Também na seara penal, o embrião encontra-se protegido, conforme prevalece no artigo 124 do Código Penal: “provocar aborto em si mesma ou consentir que outrem lho provoque, pena de 01 (um) à 03 (três) anos de detenção”. A Lei 11.105/2005, Leia da Biossegurança, em seu artigo quinto, autoriza a utilização de células tronco embrionárias de embriões humanos fertilizados “in vitro” e congelados a mais de 3 anos, lei que foi objeto da ADIN 3.510 de 29 de maio de 2008, analisada em tópico acima. A lei 9.434/97 (Lei dos transplantes), em seu artigo nono parágrafo sétimo diz: “É vedado à gestante dispor de tecidos, órgãos ou partes de seu corpo vivo, exceto quando se tratar de doação de tecido para ser utilizado em transplante de medula óssea e o ato não oferecer risco à sua saúde ou ao feto”. (Grifo nosso).

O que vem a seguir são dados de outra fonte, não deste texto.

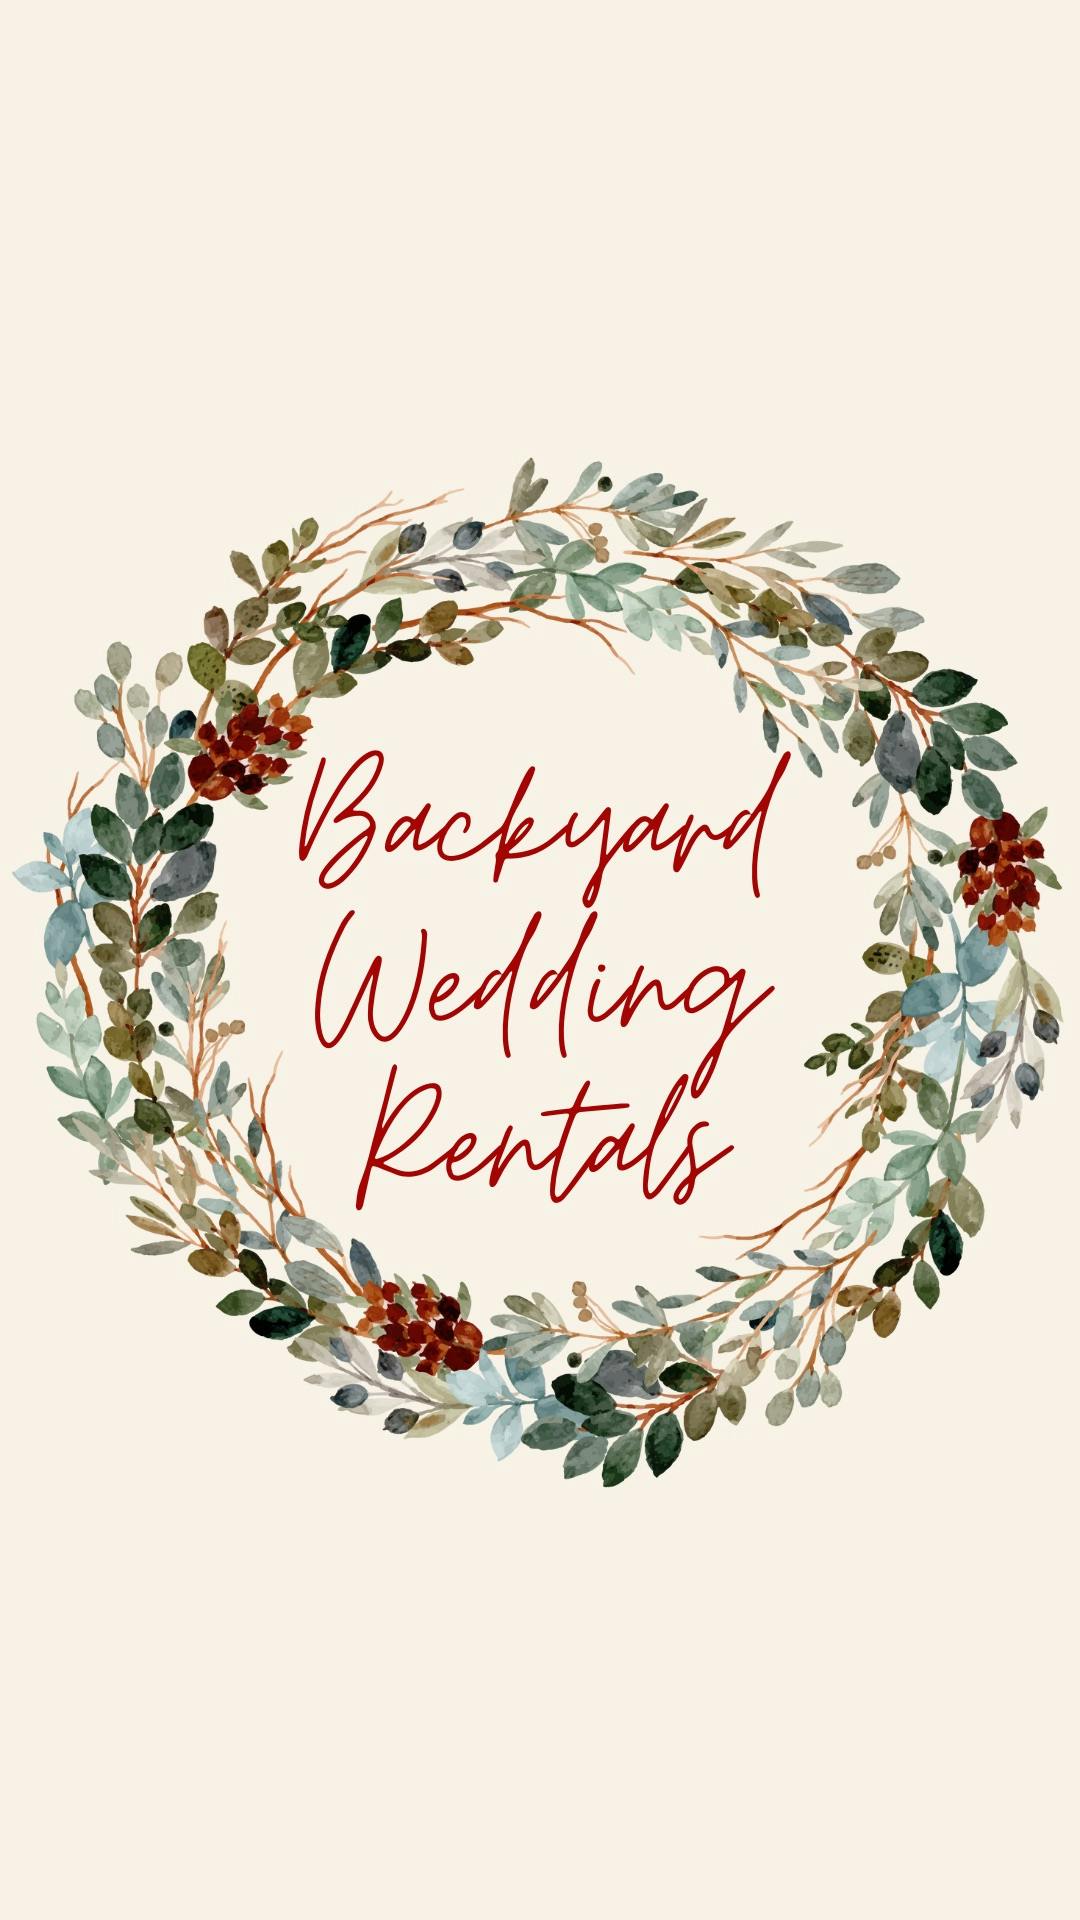 Martin Creek Backyard Wedding Weekend Rental

A legislação protege, com certeza, o embrião, desde que implantado no útero materno, seja ele concebido naturalmente ou por mãos humanas, ‘in vitro”. A questão controvertida situa-se no campo dos embriões não implantados, conservados no congelamento. Já foram portanto concebidos, uma vez que houve a união do gameta feminino com o gameta masculino, porém encontram-se temporária ou permanentemente fora do corpo feminino. A respeito escreve Danubia Cantieri Silva (2013) em A tutela jurídica do embrião implantado à luz da dignidade da pessoa humana:
Dessa forma, se entende a doutrina majoritária que o embrião implantado tem a mesma natureza do nascituro, ser humano já concebido e cujo nascimento é dado como certo. Já o embrião humano resultado da fertilização in vitro, enquanto não for implantado no organismo materno, não goza da proteção conferida ao nascituro, pois a ele não se equipara. Não pode ser considerado ente humano por nascer.
Tal controvérsia, com foco no Direito sucessório deverá ser analisada no próximo tópico.
3 EMBRIÕES EXCEDENTÁRIOS
Buscando a definição própria do termo, voltamos ao Vocabulário Jurídico do mestre De Plácido e Silva (2014, p. 802) onde encontramos:
EMBRIÃO EXCENDENTÁRIO. Referido no art. 1.597 do Código Civil de 2002, o embrião excedentário é aquele resultante de inseminação artificial e excedente do número de embriões que podem ser utilizados, sendo guardado em processo de conservação para posterior utilização. (nsf)
Conforme já analisado, o embrião obtido por manipulação humana, conserva todas as características do status de ser humano, em que pese as diversas considerações e teorias sobre a hora exata do início da vida, uma vez que acontece a fecundação, ou seja, a união do gameta feminino com o gameta masculino, operando o milagre da criação e o surgimento de um ser humano único, pois diferenciado de todos os demais, possuindo material genético (DNA) irrepetível. Importante destacar depoimento da Doutora Lenize Garcia professora do Departamento de Biologia Celular da Universidade de Brasília, constante do voto do relator da ADIN 3.510, Ministro Aires Brito:[11: Supremo Tribunal Federal, Ação Direta de Inconstitucionalidade, nº 3.510 Distrito Federal, Tribunal Pleno, 25.08.2008. Página 18.]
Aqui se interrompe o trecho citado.